Here are three examples of how secular morals have affected law. As the marriage rate has declined and rate of cohabitation has increased—as marriage itself seemed to become less important—the legalization of same-sex marriage became a hot topic. It was once a minority position among American citizens and their elected representatives, but dwindling opposition led to swift legalization of gay marriage in 2015.

This bouleversement actually changed the meaning of the word marriage and introduced unnecessary uncertainty into both social and sexual intercourse (“Hi Fred, is your wife here? What is her name?” Fred: “Sebastian…”). Why did this happen, given the declining importance of marriage itself, the availability of civil-partnership contracts, and the historical opposition of all major religions? The answer lies in a secular-humanist commandment as powerful as any of the familiar 10: the omnipotence of personal passions. The different status and social value of same-and different-sex liaisons, for example, is dwarfed by this personal imperative.
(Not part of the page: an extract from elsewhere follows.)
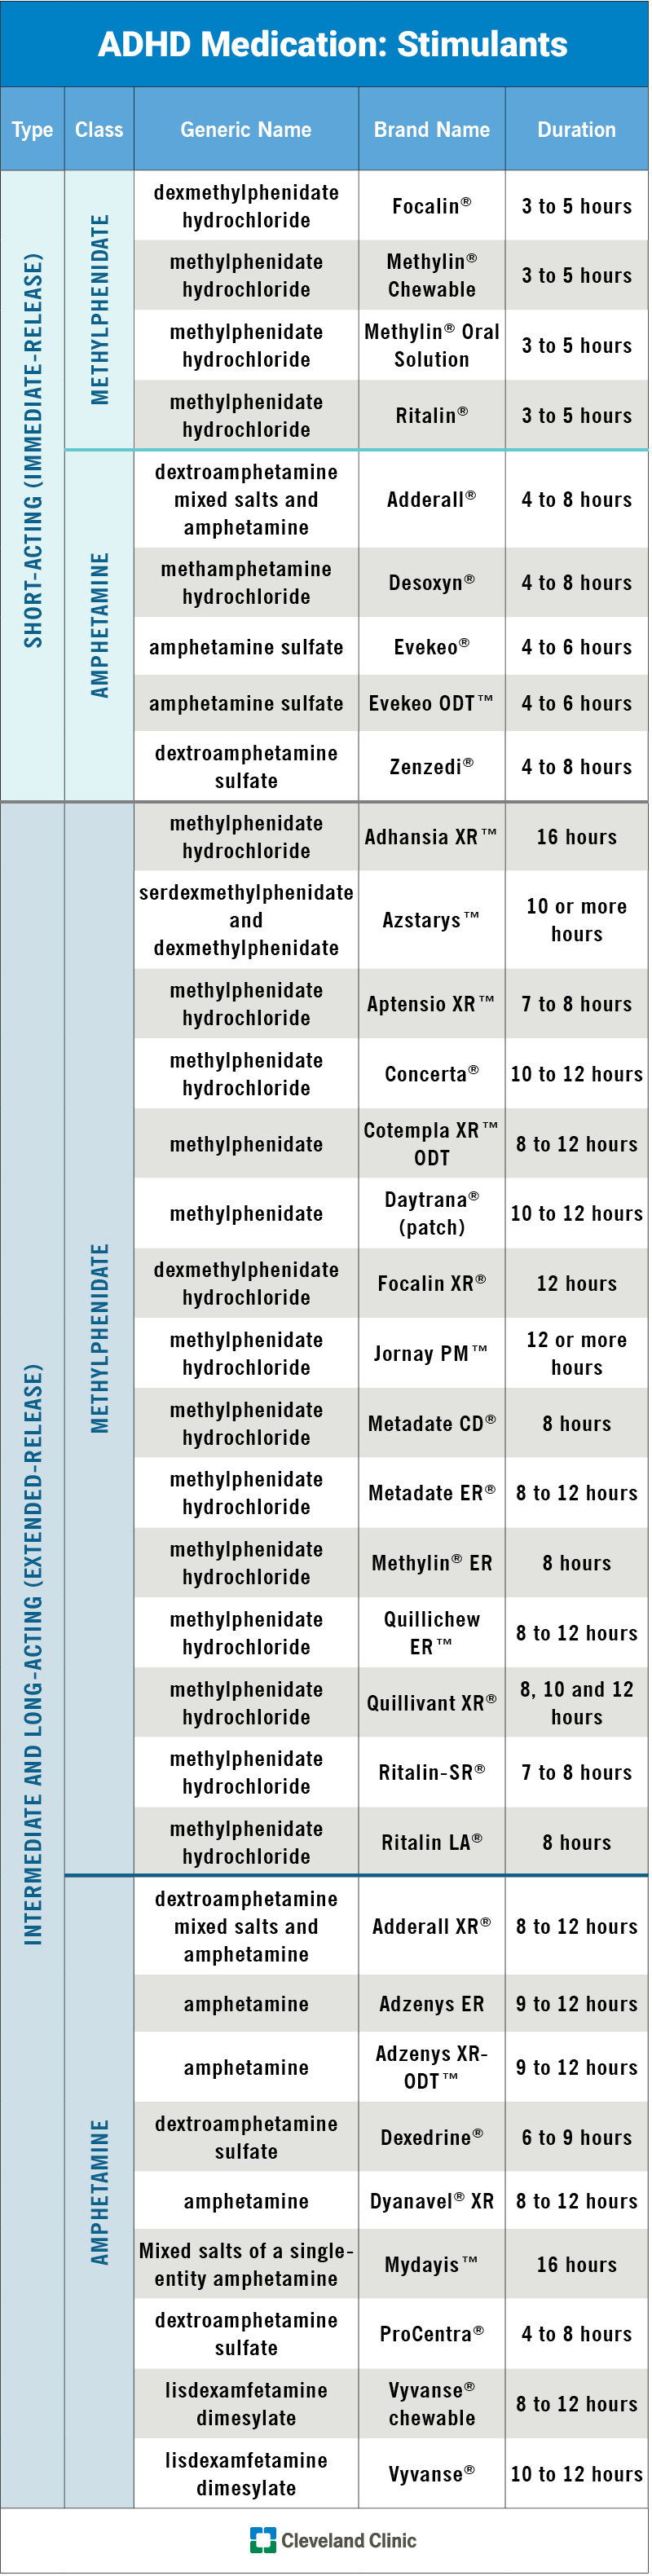 Chart displays the type, class, generic name, brand name and duration of each stimulant ADHD medication.
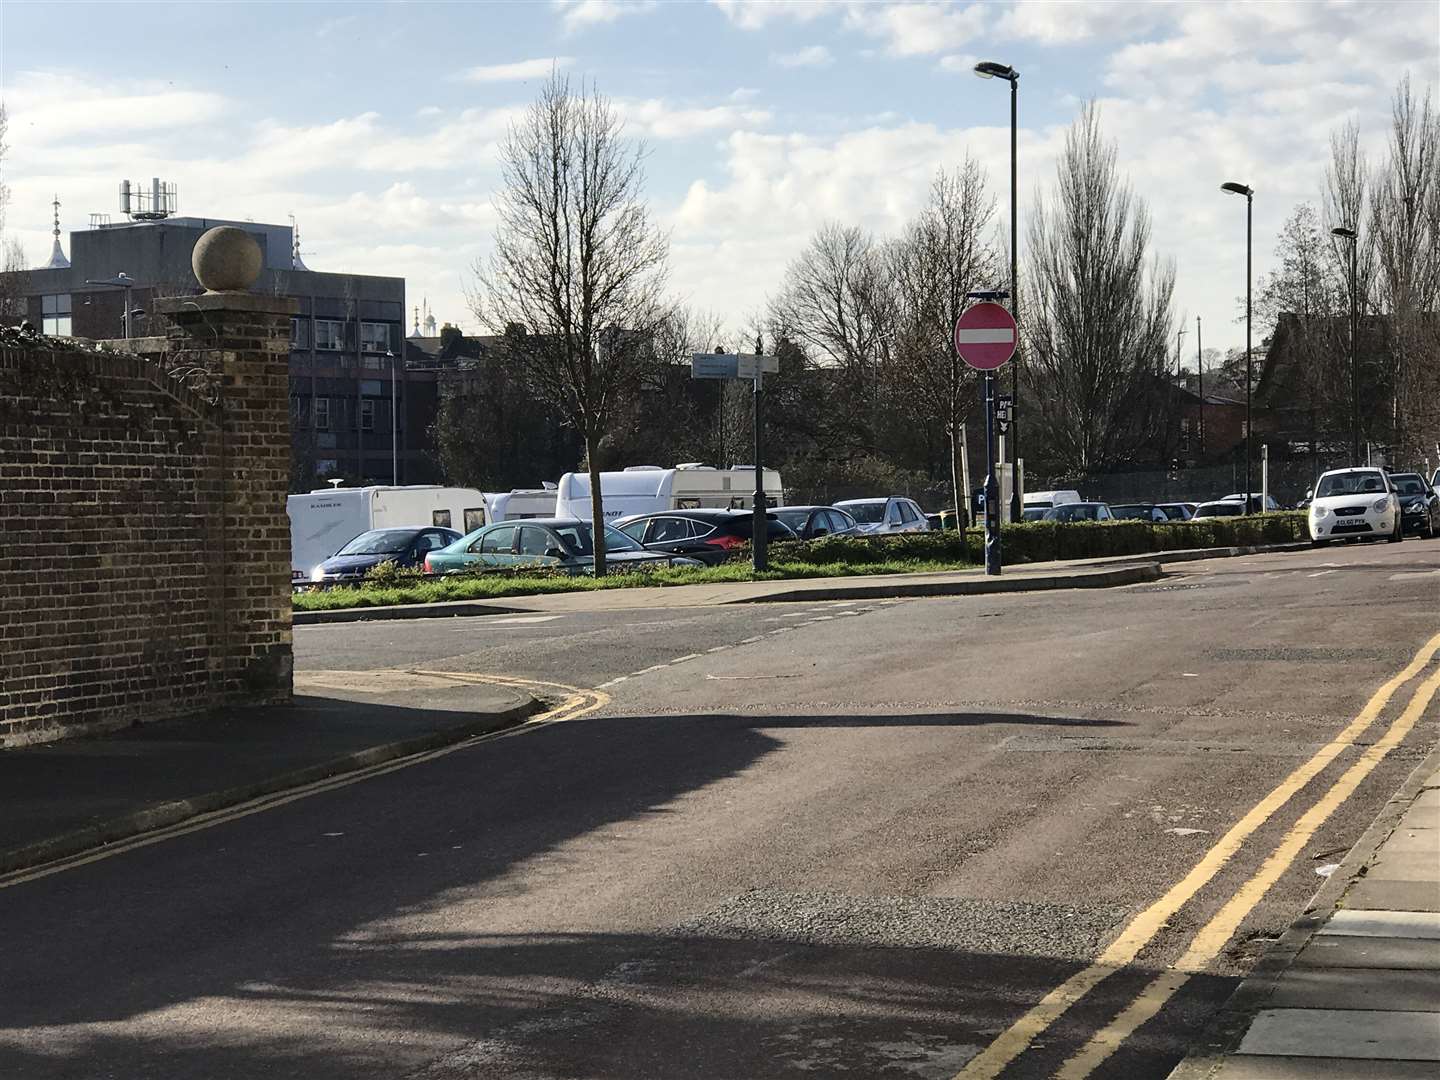 Seven caravans were spotted at the car park, which overlooks Gravesend's promenade

Secular humanists also have blasphemy rules. Dressing in blackface as a teenager or actually saying the N-word, even in an educational context, can lead to severe consequences. Virginia Governor Northam may yet have to resign over a decades-old blackface incident; but Connecticut Senator Richard Blumenthal survived what many would consider a more serious sin: exaggerating his military experience. Young Northam committed racist blasphemy, while Blumenthal merely lied.

And finally, there is the 40-foot Bladensburg (Md.) cross, erected in 1925 with private money but on public land, to commemorate soldiers who died in World War I. Fred Edwords, a former official of the American Humanist Association, is one of the plaintiffs seeking to get the cross declared illegal. “This cross sends a message of Christian favoritism and exclusion of all others,” says Mr. Edwords. Not that anyone else is excluded from erecting their own monument. It seems to be the faith of a competitor that Fred objects to. Evidently toleration is not one of the secular humanist commandments, but Christianity as anathema is.

Religiously affiliated candidates for high office are often quizzed about their religious beliefs. This is both unfair and largely irrelevant. Whether a candidate believes in transubstantiation or the virgin birth has no bearing at all on how he or she will judge the rights of litigants. Beliefs about religious stories and transcendental matters do not guide action

What matters are the person’s moral beliefs, whatever their source; and their willingness to disregard them if they conflict with the constitution. Secular candidates have just as many “unprovable beliefs” as religious candidates. The only difference is that secular morality is not written down in a single identifiable source. It is not easily accessible.

Candidates, both religious and non-religious, should all be subject to the same range of questions—questions not about their religion but about what might be called their “action imperatives.” What should be prohibited? What should be encouraged? In short, what are their “goods” and “bads” and how would they act if their beliefs are in conflict with settled law?

The point is to understand the moral beliefs of the candidate and how he or she is prepared to reconcile them with the law, not his or her adherence to a recognized faith. As it is, many passionate, “religious” beliefs of secular candidates go undetected and unquestioned. Thus, they become law by stealth.